**Task goal:** Type out the complete listing below word for word, without its pictures.

**The data:**
★ ★ ★ ★
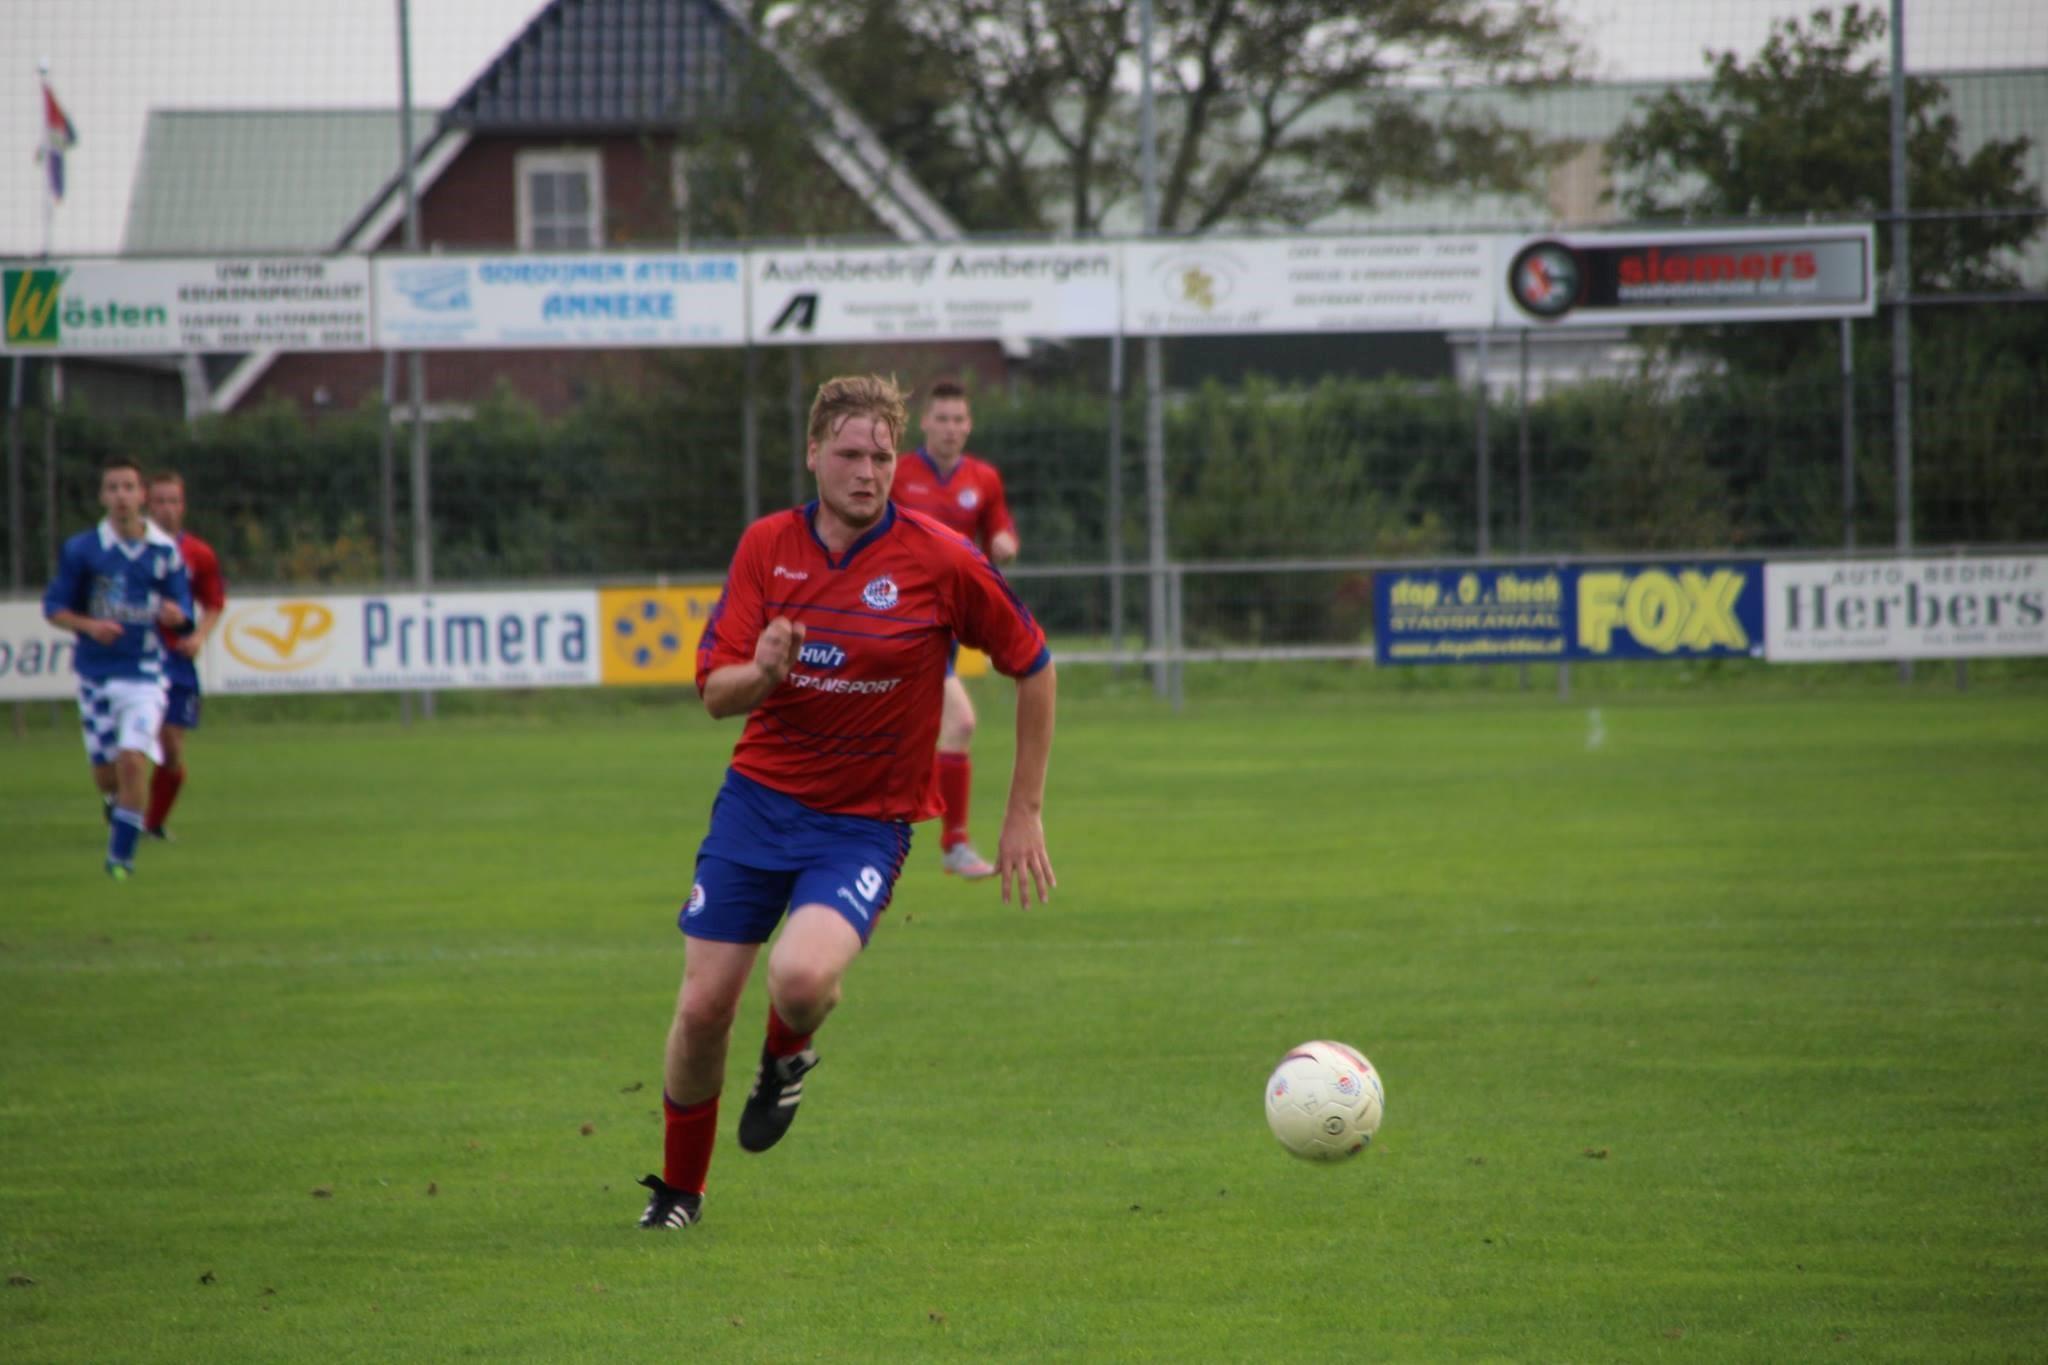 Sport | bd.nl
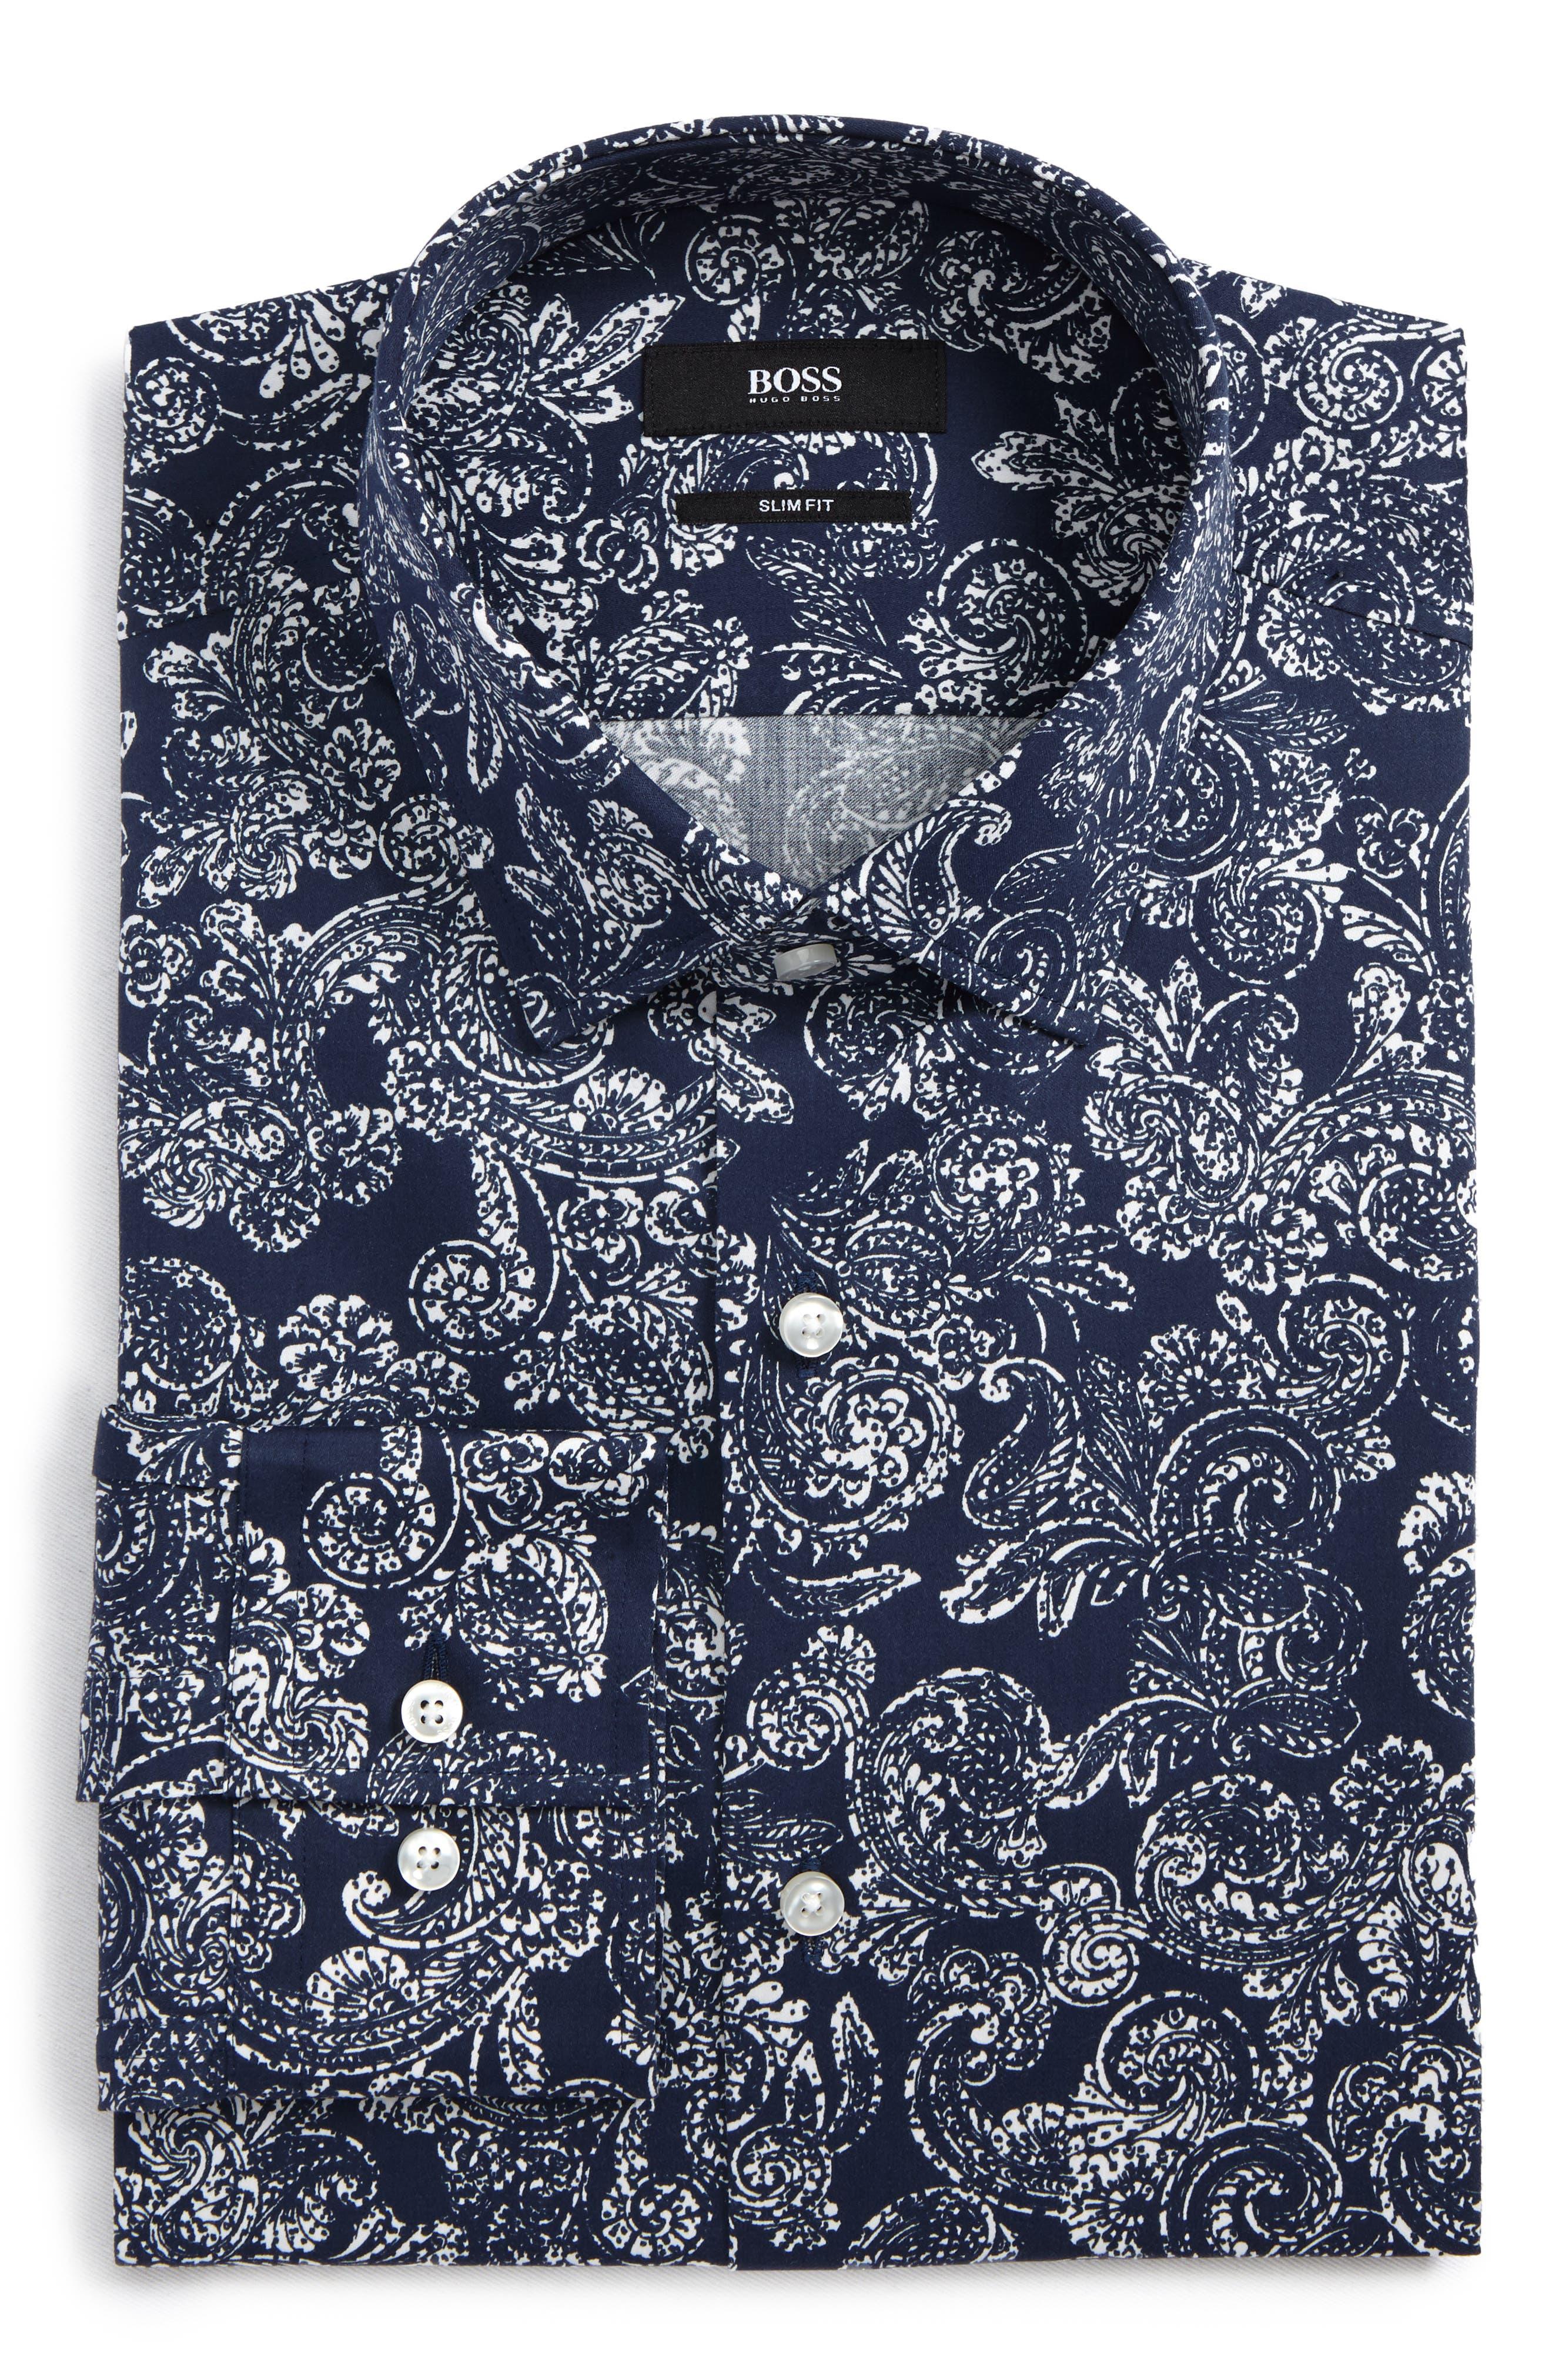 Alternate Image 1 Selected - BOSS Slim Fit Paisley Dress Shirt
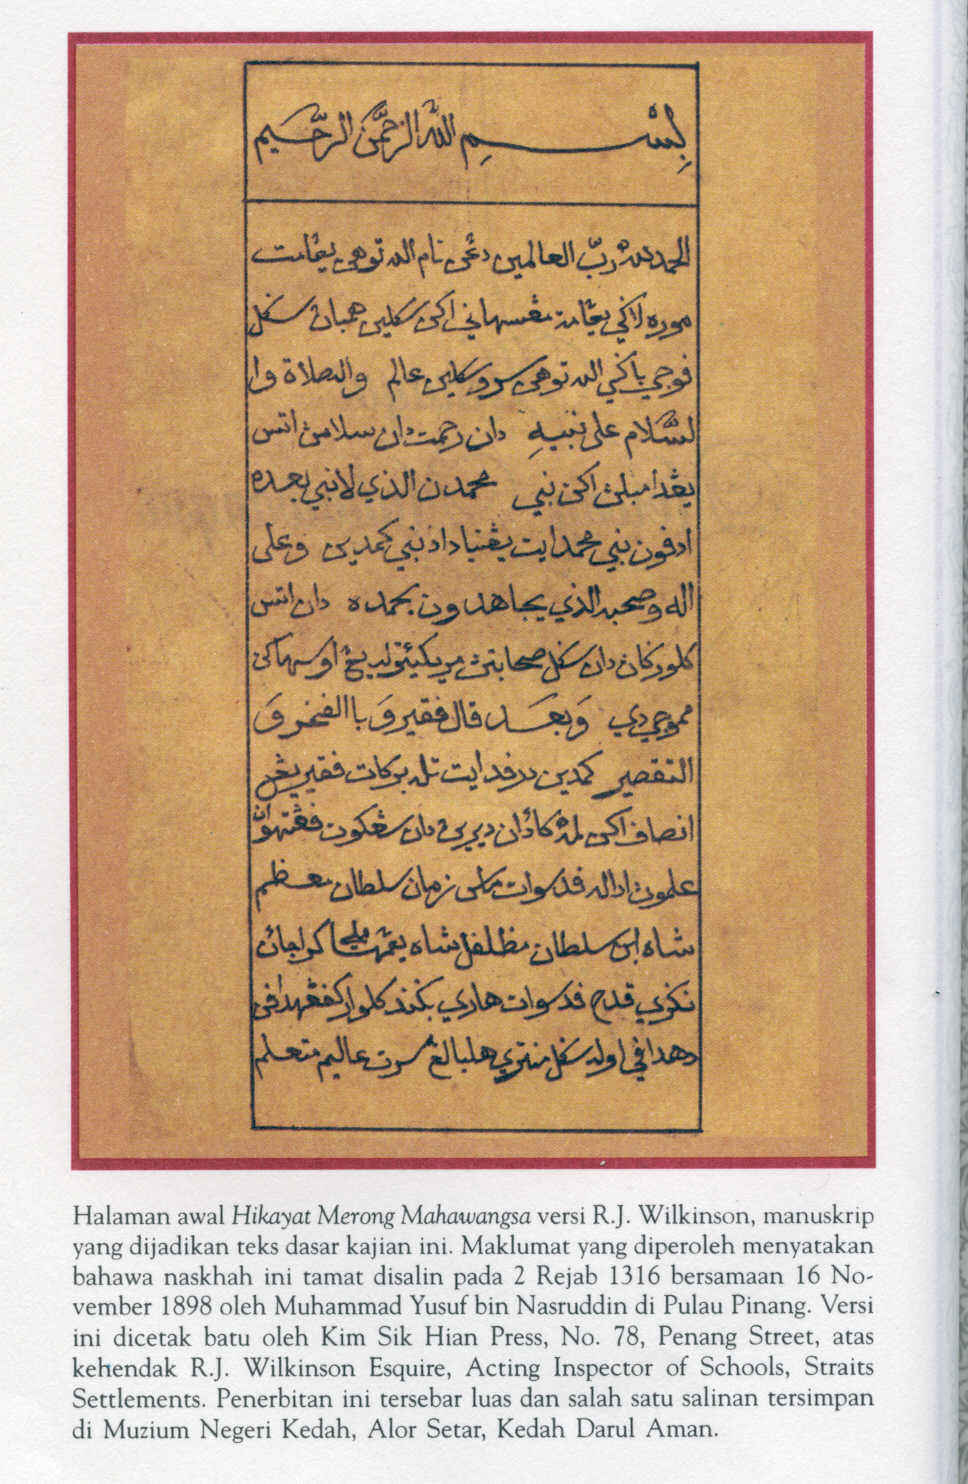 http://upload.wikimedia.org/wikipedia/commons/9/95/Hkyt_merong_mahawgsa.jpg
★ ★ ★ ★
**Solution to this exercise:**
 Sport | bd.nl
 Alternate Image 1 Selected - BOSS Slim Fit Paisley Dress Shirt
 http://upload.wikimedia.org/wikipedia/commons/9/95/Hkyt_merong_mahawgsa.jpg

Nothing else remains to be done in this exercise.